İnsanlar nasıl isterse istesinler toplum tek bir sınıftan oluşamaz. Yüzyıllar boyunca, farklı katmanlara ve sınıflara ayrılmıştır. "Sınıf" kavramı, tarihin gelişiminin kapitalizm öncesi döneminin karakteristiğidir.
![Image Image](https://images.culturehatti.com/img/kultura-i-obshestvo/06/chto-takoe-soslovie.jpg)

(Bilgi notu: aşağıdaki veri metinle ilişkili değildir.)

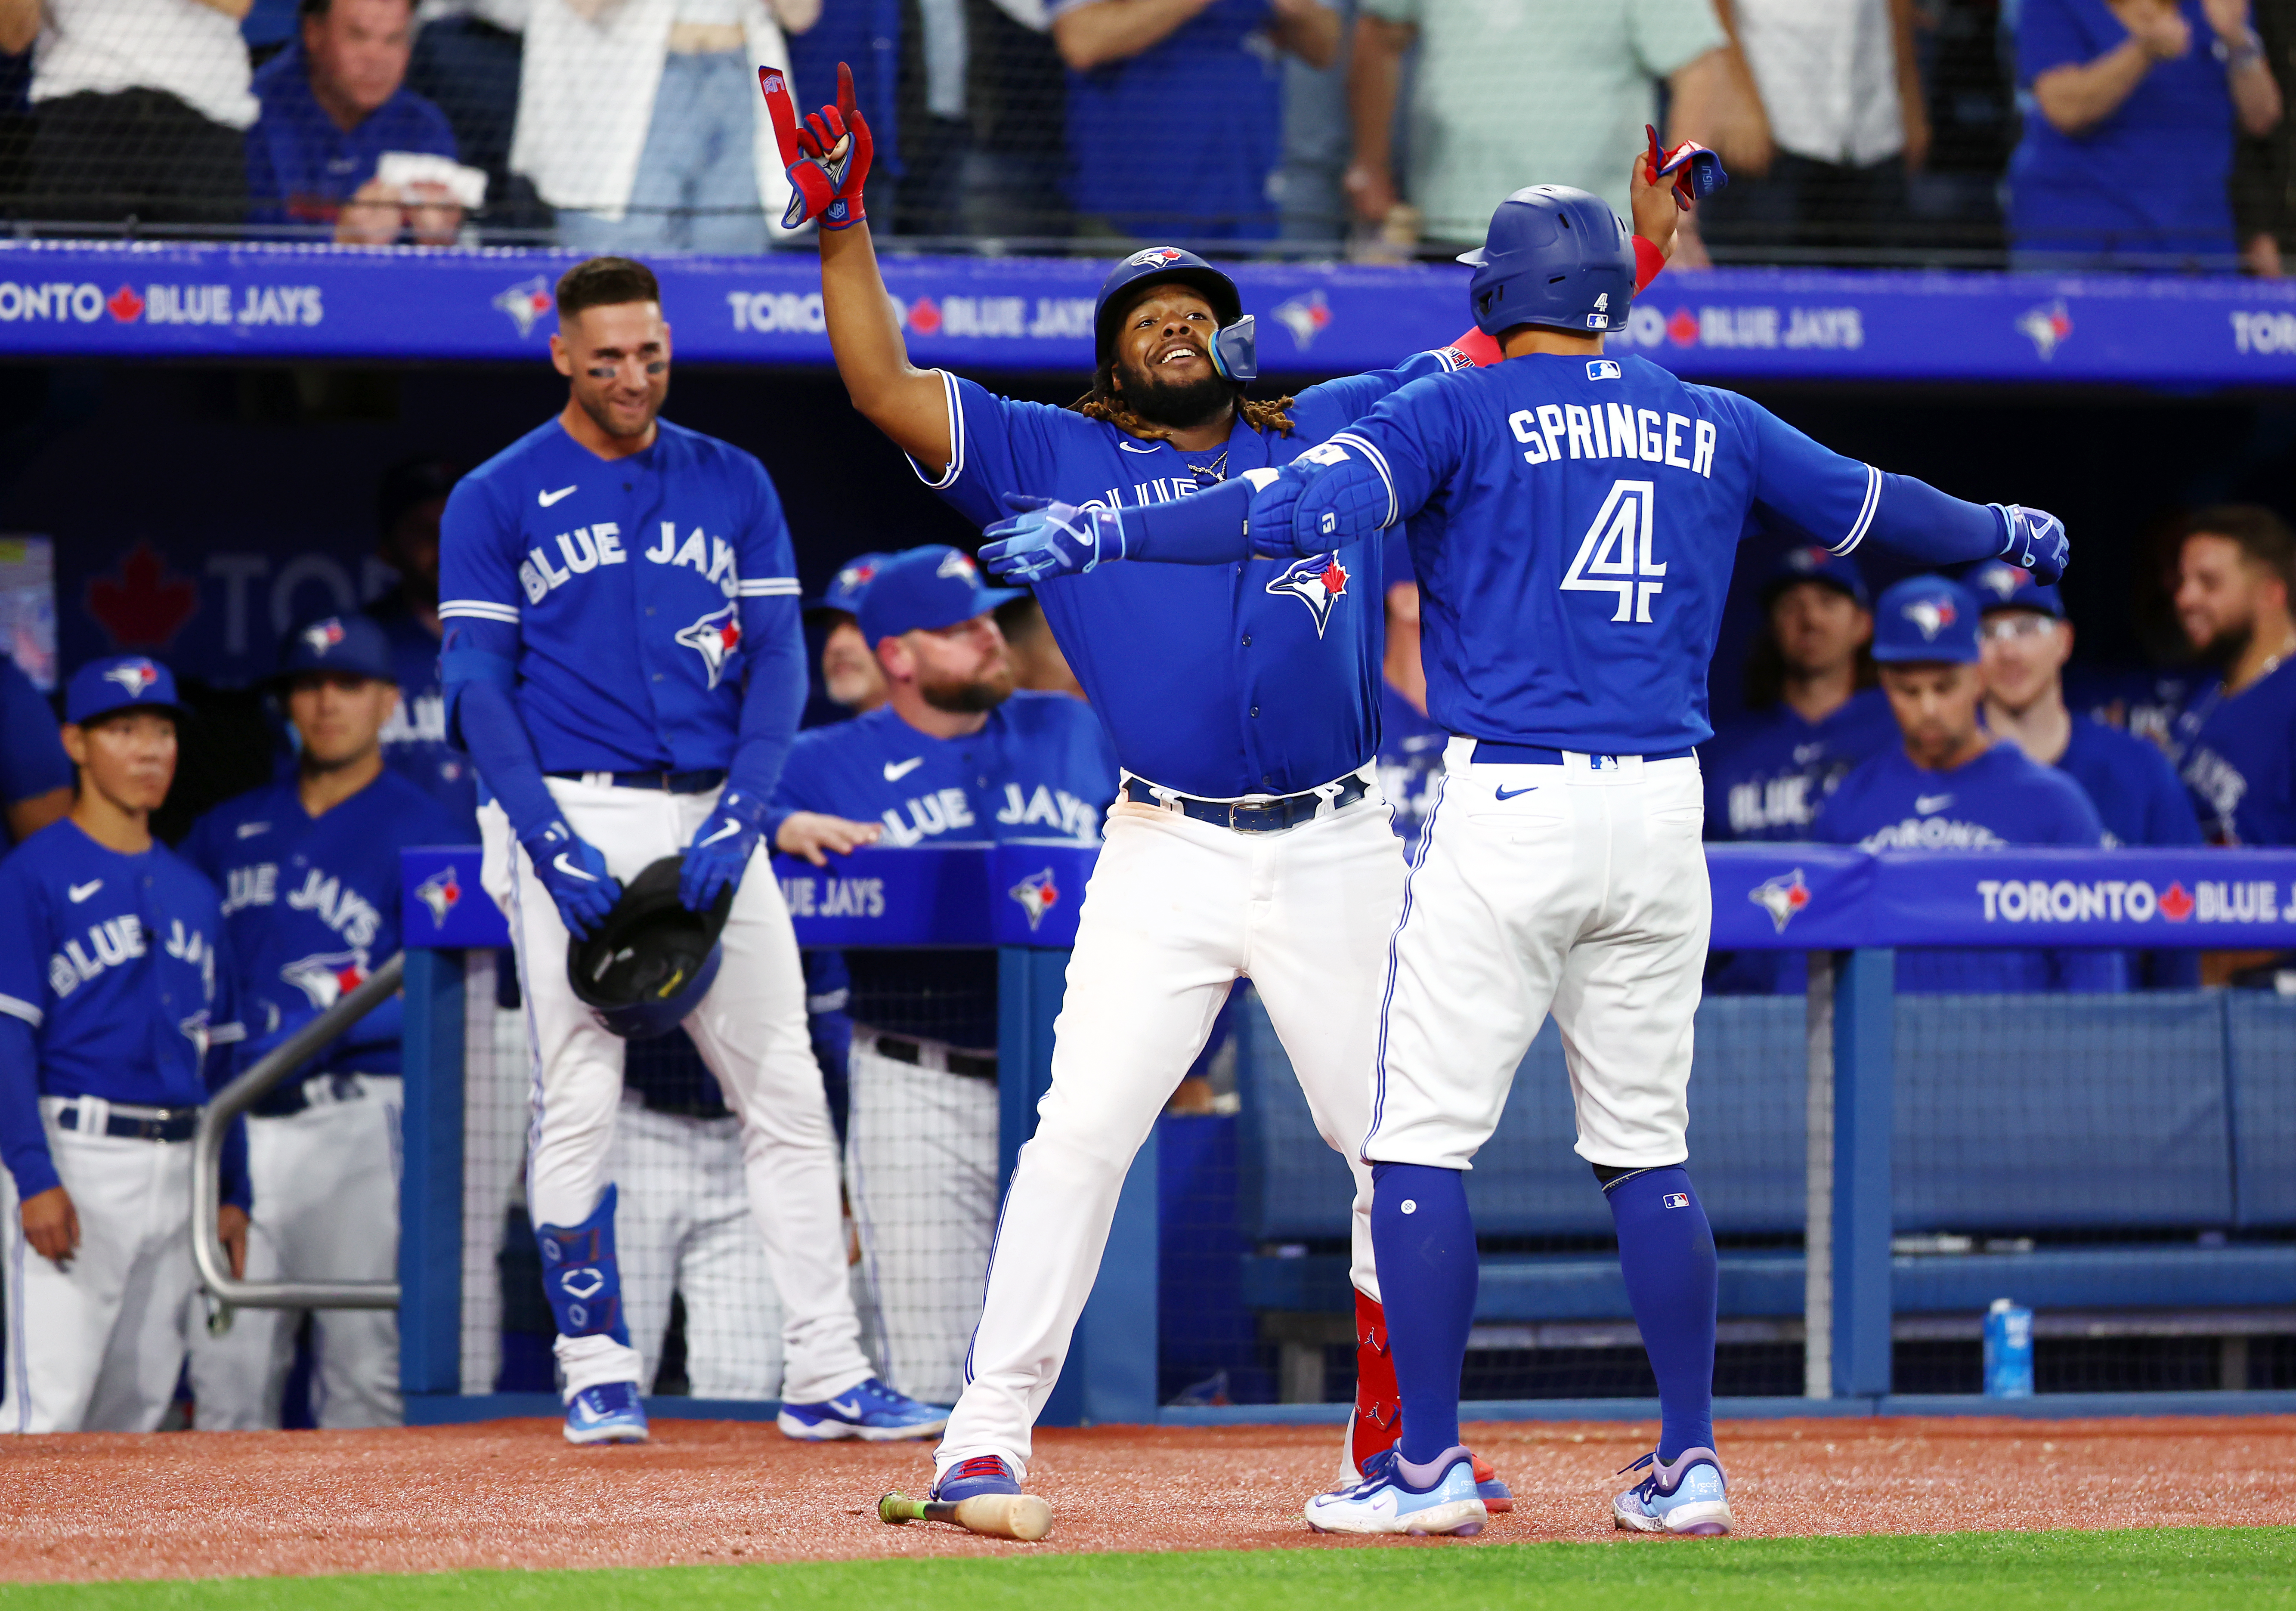 The stadium – and team – is better at Blue Jays home opener - The

Emlak, belirli hak ve yükümlülüklerin verildiği sosyal bir gruptur. Bunlar ya hukukta reçete edilir ya da gümrükte korunur ve kuşaktan kuşağa aktarılır, mülk oluşumunun toplumun sınıf yapısı ile yakından bağlantılı olduğuna inanılır. Dahası, sayıları sınıf sayısını aşıyor. Bu tutarsızlık, ekonomik zorlama yöntemlerine ek olarak, maddi değerlerle ilgili olmayan başkaları da olduğu için ortaya çıkar. Örneğin, birçok sınıf sosyal işlevlerine göre göze çarpıyordu: askeri, dini vb. Bu sürecin oldukça uzun olduğunu ve bir mülk oluşturulmadan önce birkaç yüzyıl geçebileceğini belirtmek gerekir. Kastların aksine, sitelerde kalıtım ilkesi temel değildir. Bazılarına erişim satın alınabilir veya kazanılabilir. Belirli bir sınıfa ait bir işaret zorunlu sembolizmdi. Çeşitli süslemeler, özel nişanlar, giyim eşyaları ve hatta saç modelleri olabilir. Buna ek olarak, çoğu mülk kendi ahlaki ilkelerini geliştirmiştir: On dördüncü ve on beşinci yüzyıl Fransa'sı, sınıf toplumunun klasik bir örneğidir. Bu dönemde, tüm ülke üç sınıfa ayrıldı: din adamları, asalet ve üçüncü mülk. Hak ve yükümlülükleri açıkça belirtilmişti. Her sınıftan Genel Devletlerde temsilcilerini aday gösterdiler. Bu nedenle, her 3 sınıf da ülkeyi yönetme sürecine katıldı. Bununla birlikte, asalet ve din adamları vergilerden muaf tutulmuş, yüksek devlet görevlerine tercihli erişime sahipti ve halklarınkinden farklı olarak kendi yaşam biçimlerini geliştirdiler. Mevcut emlak sistemi 16. yüzyılın ortalarında parçalanmaya başladı ve Fransız Devrimi tarafından tamamen yok edildi.